Unter strengster Geheimhaltung wurden die Truppen und das Material von folgenden acht sowjetischen Marinestützpunkten aus nach Kuba verschifft: Sewastopol, Feodossija, Nikolajew und Poti am Schwarzen Meer, Kronstadt, Liepāja, Baltijsk an der Ostsee und Murmansk am Arktischen Ozean.

Im August 1962 entschied Chruschtschow, die Schutzmaßnahmen für Kuba auch mit taktischen Atomwaffen auszubauen.
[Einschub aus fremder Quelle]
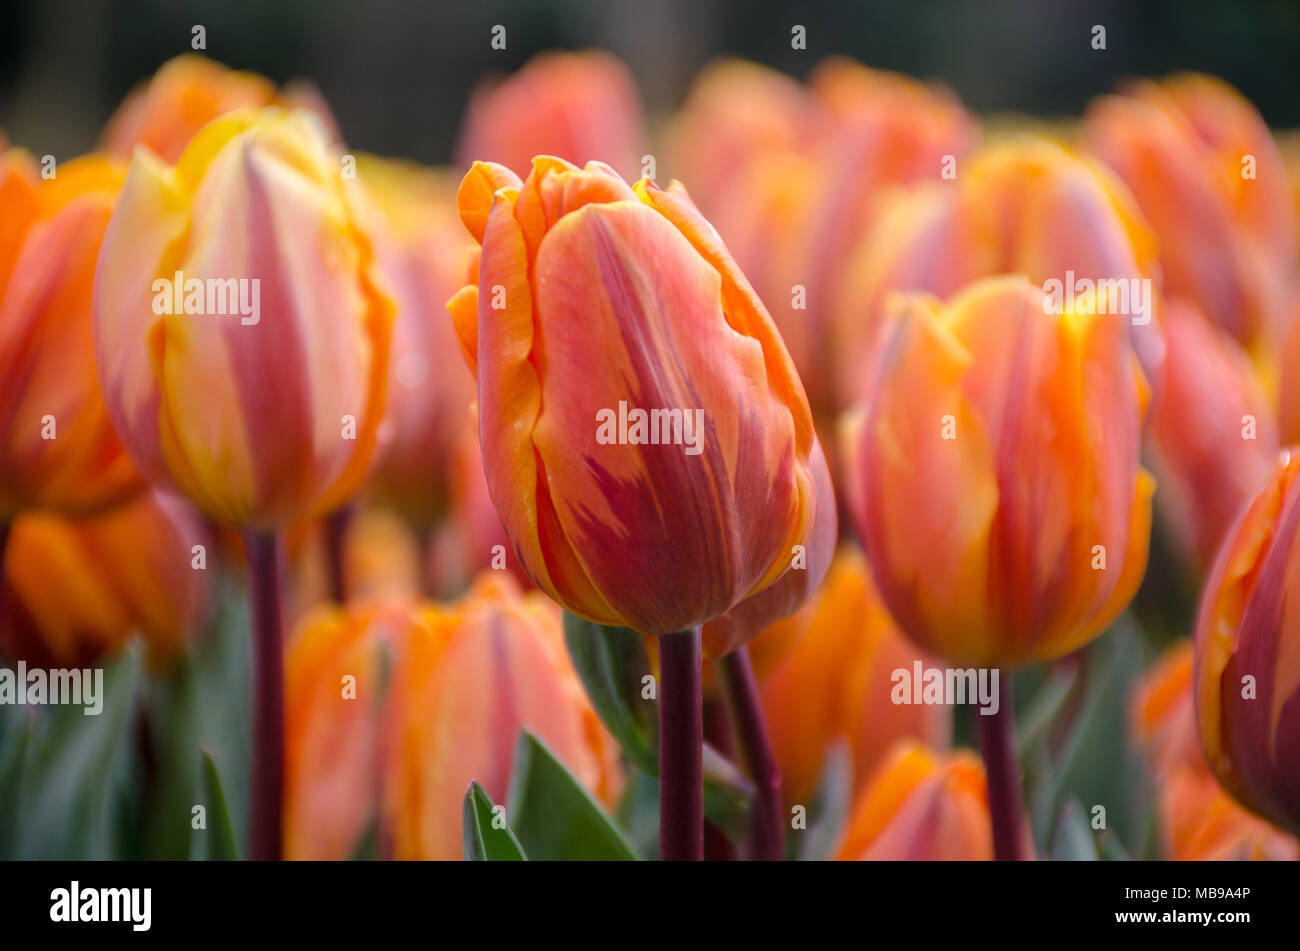 Orange and purple tulips Stock Photo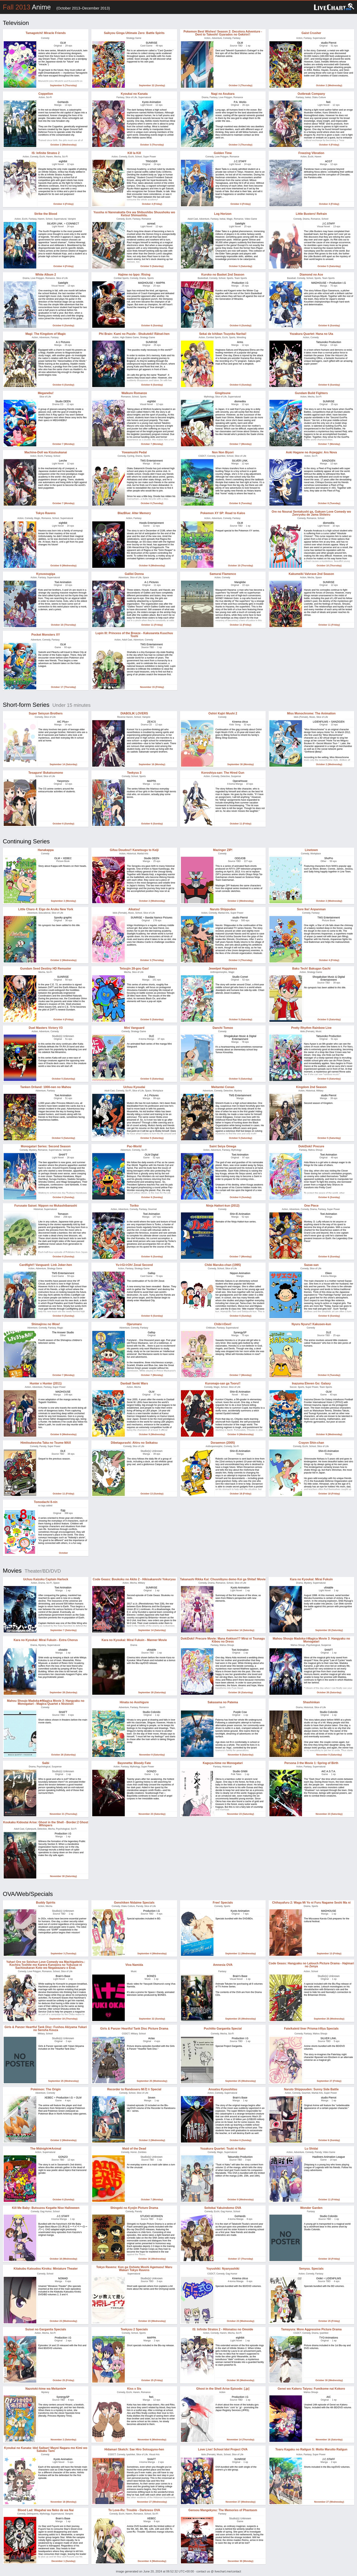 2013 Anime, Seasonal Chart

So wurden ergänzend eine Staffel leichte Bomberflugzeuge vom Typ Il-28 Beagle mit sechs Nuklearsprengköpfen von 8 bis 12 kT und bis zu drei Abteilungen mit taktischen ballistischen Raketen vom Typ 3R9 Luna-1 (FROG-4) nach Kuba verlegt.

Am 8. Oktober 1962 traf das erste Frachtschiff Omsk mit der ersten Ladung Raketen in Kuba ein. Die Nuklearsprengköpfe für die Raketen vom Typ R-12 (SS-4) folgten an Bord des in Seweromorsk ausgelaufenen Schiffs Indigirka.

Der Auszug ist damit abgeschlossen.